Radi El Haj, CEO at RS2
Regulation as floor, not ceiling

The Bank of England’s draft framework, published this month, sets out reserve quality requirements, redemption rights and operational resilience standards for stablecoins deemed systemic. El Haj describes this as a reflection of a broader market shift: the debate has moved on from whether the underlying technology is viable to whether institutions, businesses and consumers can rely on it at scale.

“The Bank’s focus on reserve quality, redemption rights and operational resilience reflects a wider shift in the market,” he said. “The conversation has moved beyond whether stablecoin technology works. The priority now is whether institutions, businesses and consumers can trust it at scale. That trust comes from transparency, operational resilience, robust controls and real-time visibility across payment flows and risk.”

El Haj also placed the UK’s position in a wider competitive context. Europe’s Markets in Crypto-Assets regulation is already in force, the United States is advancing federal stablecoin legislation, and regulators in Asia and the Middle East have been shaping digital asset frameworks for some time. Dollar-backed stablecoins continue to dominate global trading and settlement volumes, while sterling-denominated equivalents remain comparatively small. El Haj’s view is that the UK has not missed its moment but that the opportunity has changed: the priority is not the volume of stablecoins issued but their ability to function within the issuing, acquiring, settlement, reconciliation and reporting infrastructure that supports payments at scale.

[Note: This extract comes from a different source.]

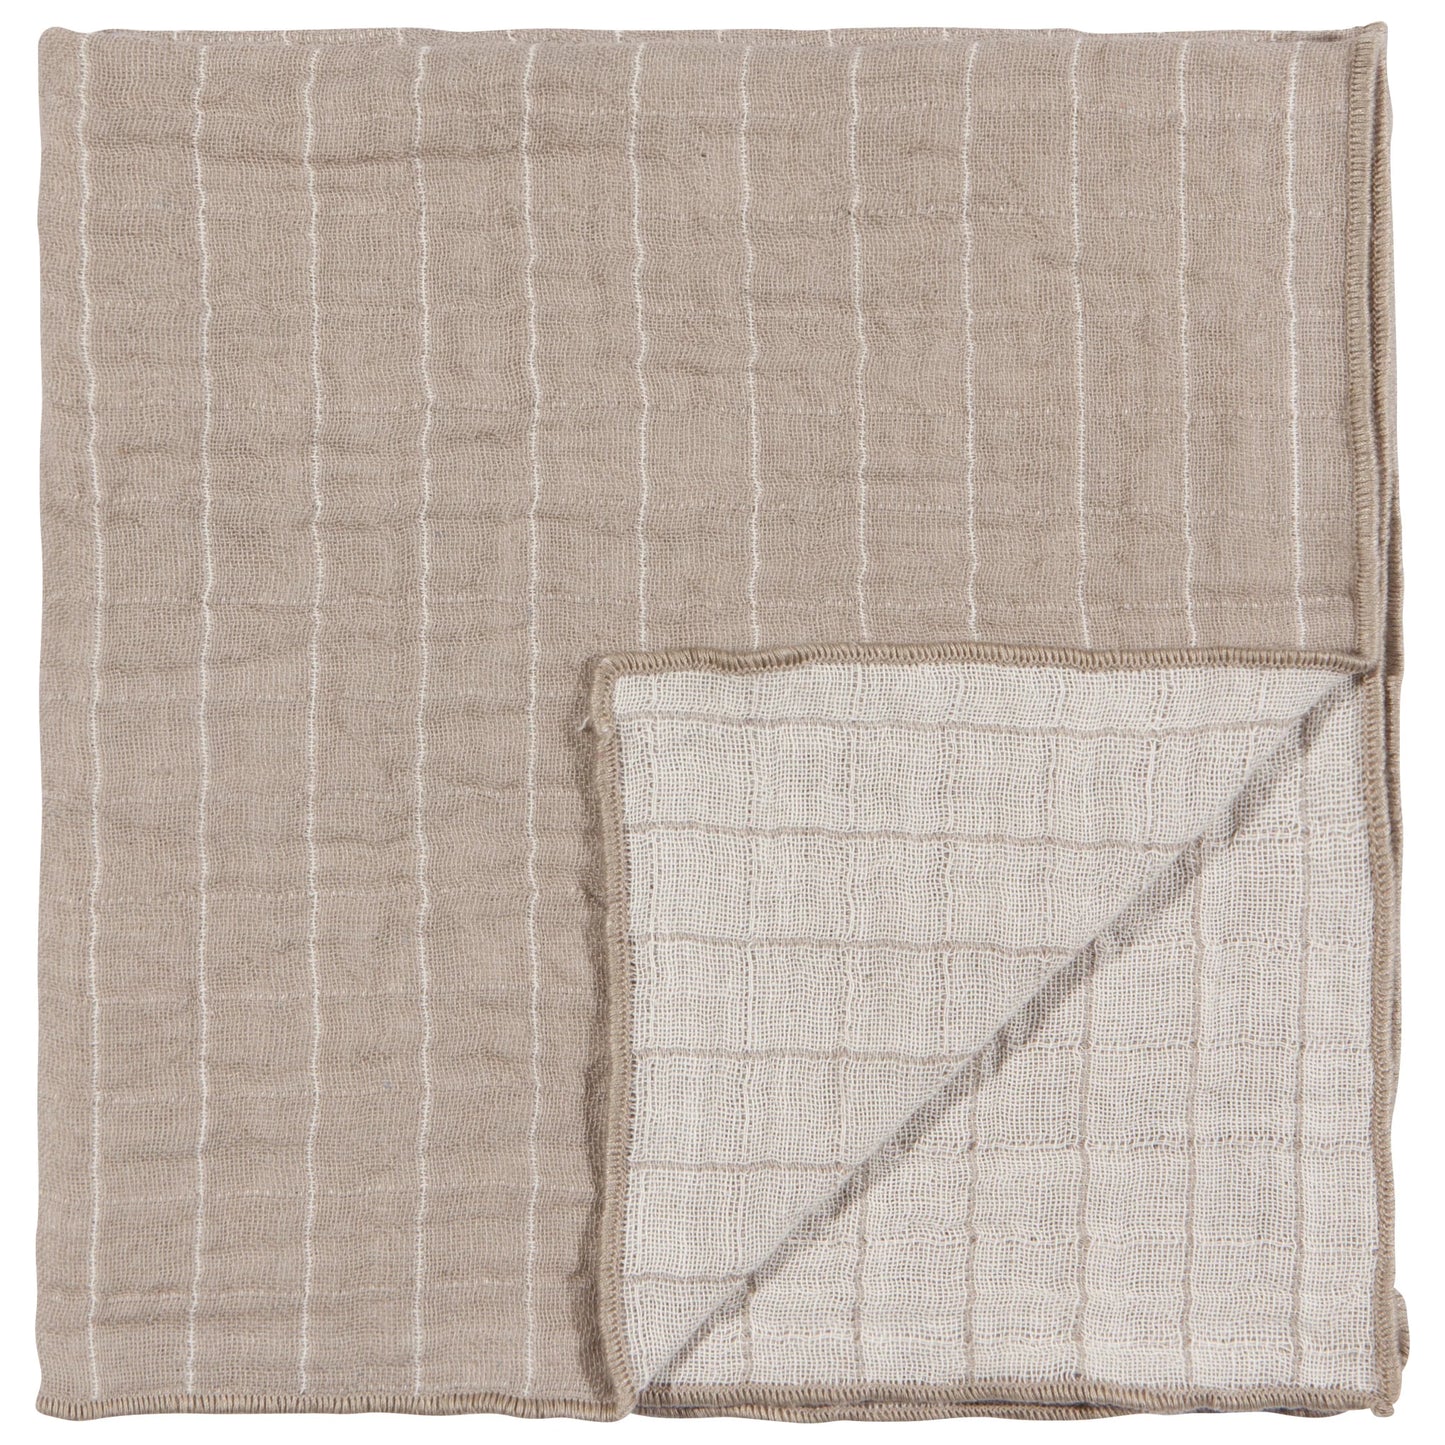 Napkins Double Weave 100% Cotton Set of 2 - Dove Gray
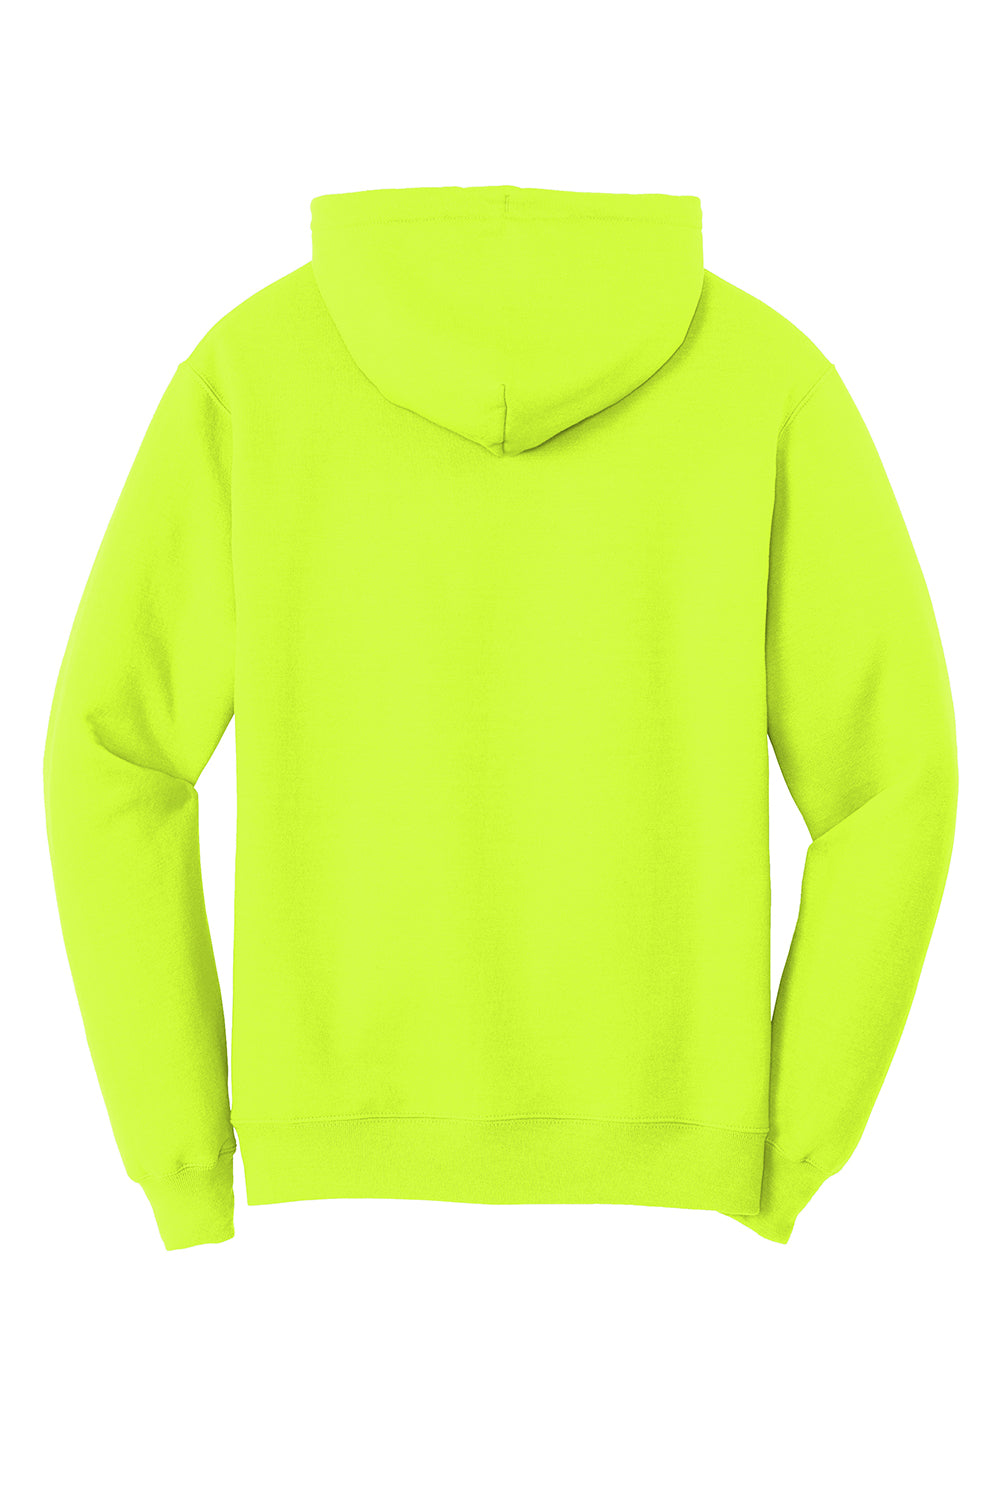 Port & Company PC78H/PC78HT Mens Core Fleece Hooded Sweatshirt Hoodie Safety Green Flat Back

Infrastructure, not issuance

The argument maps onto a pattern RS2 and its peers in processing infrastructure know well. Adoption of a payment instrument has historically required three things to converge: workable technology, regulatory legitimacy and operational trust from the institutions that move and settle money. Cards and real-time payment schemes both took years to reach critical mass precisely because the back-office plumbing had to catch up with the consumer-facing proposition.

For stablecoins, the equivalent challenge is integration with core banking systems, correspondent banking rails and cross-border settlement mechanisms, none of which were built with tokenised money in mind. Several central banks, including the Bank for International Settlements through its Project mBridge work, have been exploring how wholesale digital currency can interoperate with existing correspondent relationships. The BIS and several national central banks have concluded that infrastructure compatibility is as important a constraint as regulatory design.

The commercial read-across for payment processors is significant. If stablecoins do achieve meaningful scale in cross-border wholesale settlement, the firms that own the integration layer between tokenised rails and traditional banking infrastructure stand to capture a new category of processing revenue. RS2’s framing of itself as a unified issuing and acquiring platform with orchestration, reconciliation and real-time visibility is consistent with positioning for exactly that opportunity, though the company did not make any specific commercial claims about its stablecoin roadmap in this statement.

What the industry is watching now is how quickly the Bank of England moves from draft to final rules, whether the framework extends to retail-facing stablecoins in addition to systemic wholesale instruments, and how UK standards align with MiCA’s reserve and redemption requirements to avoid fragmentation for firms operating across both jurisdictions.